Кутаясь в шаль, я вернулась в особняк, поднялась в свою комнату. Оставалось надеяться, что Нордан ничего не видел, что ему не случилось выглянуть в выходящее во двор окно именно тогда, когда я прикоснулась к Дрэйку. Что Нордан не может определить по моему запаху, что я чувствую к другому мужчине. Я и сама едва могла разобраться в собственных ощущениях, неясных, переменчивых, словно весенняя погода.
От кого мужчины хотят меня защитить? Нордан сказал, от любого, кто осмелится забрать меня. Имел ли он в виду в целом или кого-то конкретно? Кому может не понравиться наша привязка настолько, что это будет представлять угрозу для меня?
Братству? Но почему? Только из-за того, что братство когда-то избавилось ото всех своих отмеченных ядом последователей? Но я всего лишь рабыня, игрушка для постельных утех. Не возлюбленная, не жена.
Не наложница.
«Моя женщина».
Через два часа Пенелопа сообщила, что ко мне приехала Лиссет. Обрадованная визитом лисицы, я спустилась в холл.
– Ну наконец-то! – вместо приветствия воскликнула Лиссет. – Я уж думала, все, меня сочли неподходящей для тебя компанией.
– В каком смысле неподходящей? – удивилась я.
– Я вчера приезжала, но этот маленький блондинистый дракон в лице вашей экономки категорически отказалась звать тебя и пускать меня, заявив, что ты отдыхаешь и что Дрэйк строго-настрого запретил тебя беспокоить. Это затяжные последствия нашей гулянки или у вас что-то случилось?
Могу ли я рассказать о побеге Валерии лисице или нельзя?
Я оглядела холл, лестницу позади и лестничный пролет и понизила голос до шепота:
– Случилось, но я не уверена, что об этом можно рассказывать. Это связано с наследницей.

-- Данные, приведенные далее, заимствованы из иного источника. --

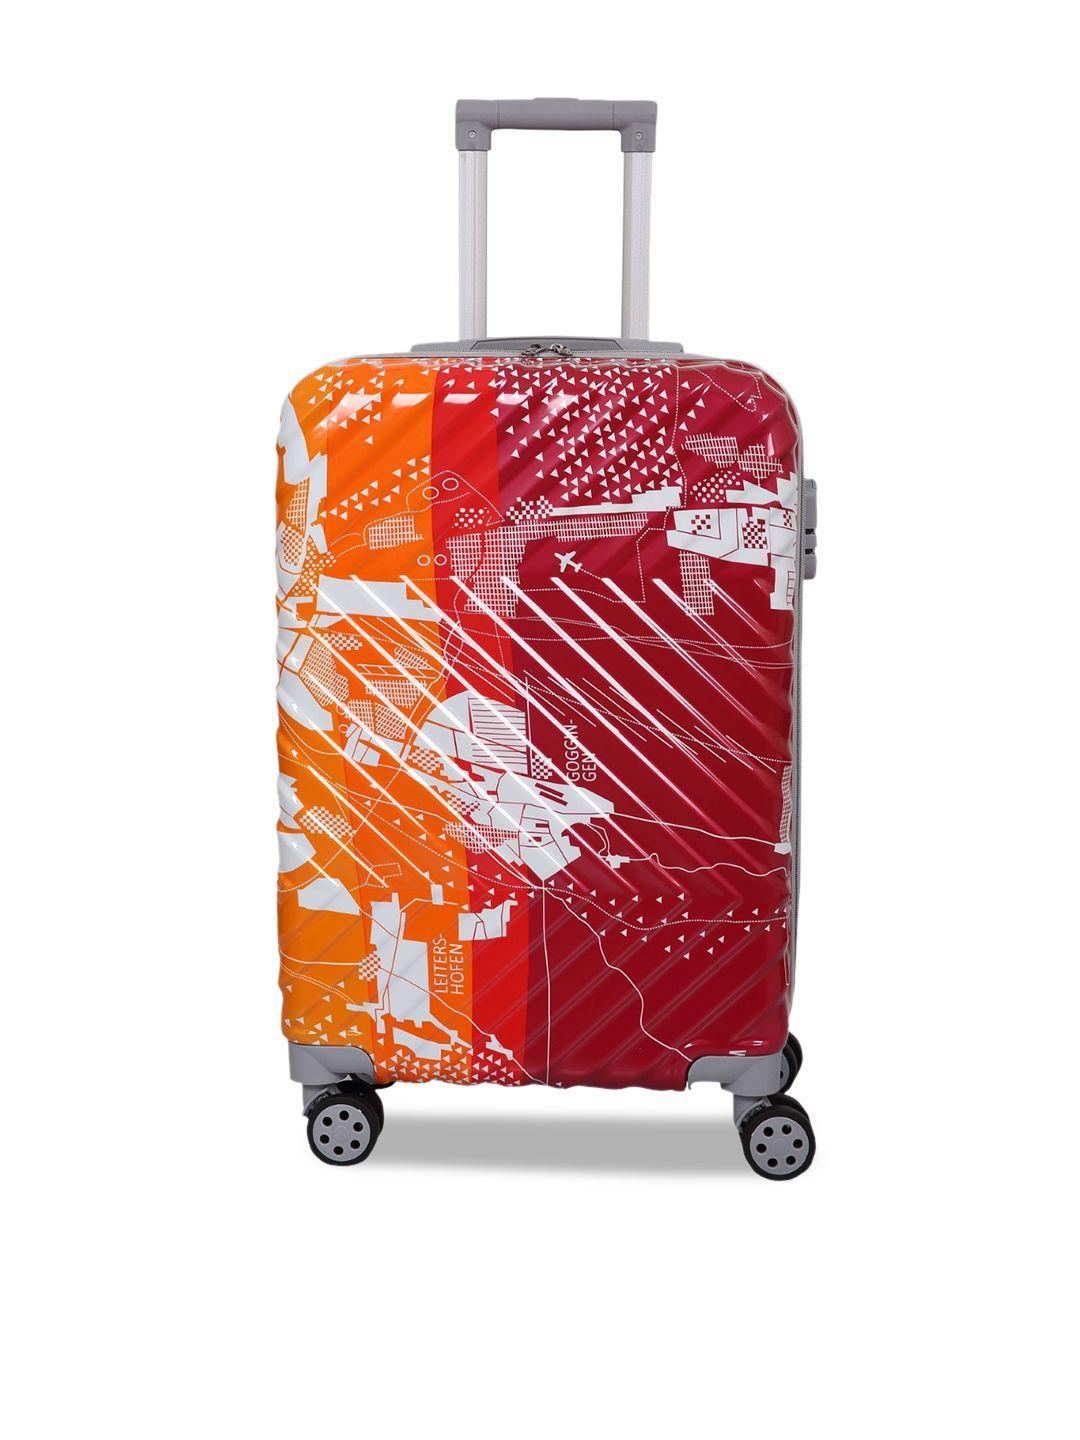 polo class red printed 24 inch trolley bag

– А-а, – протянула Лиссет. – Не с аудиенцией, случаем?
– С аудиенции все началось, – кивнула я.
– Понятно. О деталях не спрашиваю, потому как о тайнах императорской семьи лучше не знать. Я так чую, ледышка дома?

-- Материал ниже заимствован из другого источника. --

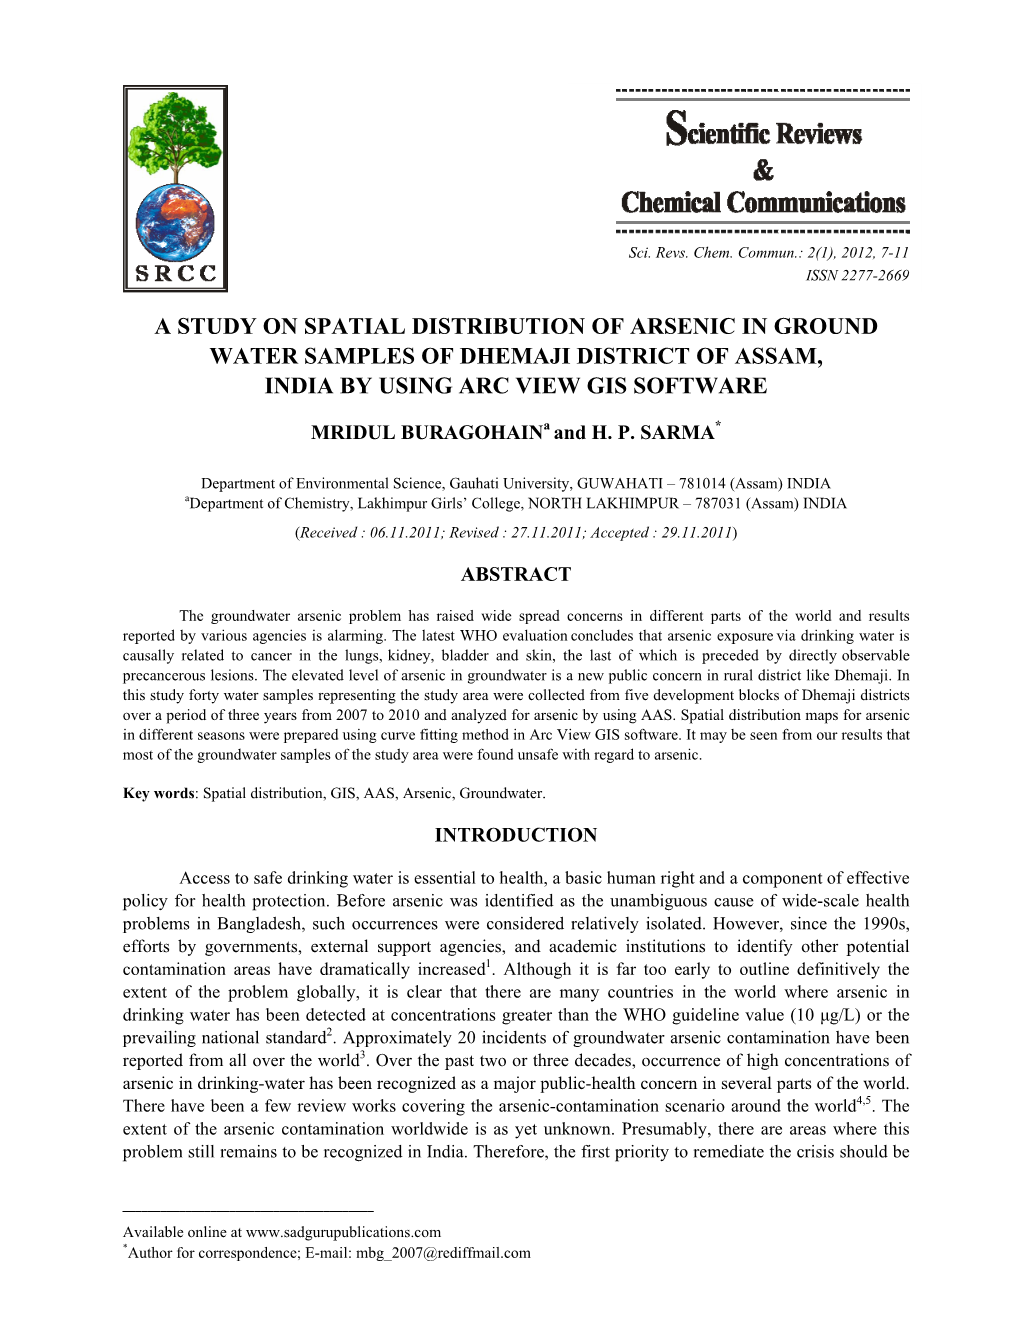 A Study on Spatial Distribution of Arsenic in Ground Water Samples of Dhemaji District of Assam, India by Using Arc View Gis Software

– Наверное. – Нордан собирался забрать свой автомобиль, но, похоже, никуда еще не ездил.
– Тогда давай прогуляемся.
– Мне надо переодеться, – на мне домашнее платье, шаль, легкие туфли.
– Да мы здесь пройдемся, рядом. – Лисица взяла меня под локоть, повела к выходу. – Давай, пока Нордан опять не испортил нам все настроение.
Мы вышли из особняка, миновали двор и приоткрытые ворота, Лиссет махнула рукой своему водителю, показывая, что никуда пока не едет.
– Ты рассказала Нордану о привязке?
– Да. Он догадывался. – Я плотнее запахнулась в шаль, ежась от внутреннего холодка. – Лиссет, он… мы… мы провели эту ночь вместе… то есть мы…
– Ясно. Ну, в принципе, следовало ожидать, что вы теперь будете спать вместе. Если верить слухам, не те у Нордана аппетиты, чтобы долго целибат блюсти. Он хотя бы не груб с тобой?
По краю дороги вдоль оград соседних домов до конца улицы. Безоблачное небо и солнечные зайчики, резвящиеся с воробьями в лужах.
– Нет. Все хорошо и… мне нравится, но…
– Что – но? Только не говори, что тебя учили, что получать удовольствие, будучи при этом в постели не с мужем, – плохо. А пуще того, что настоящая леди вообще никакого удовольствия получать не должна.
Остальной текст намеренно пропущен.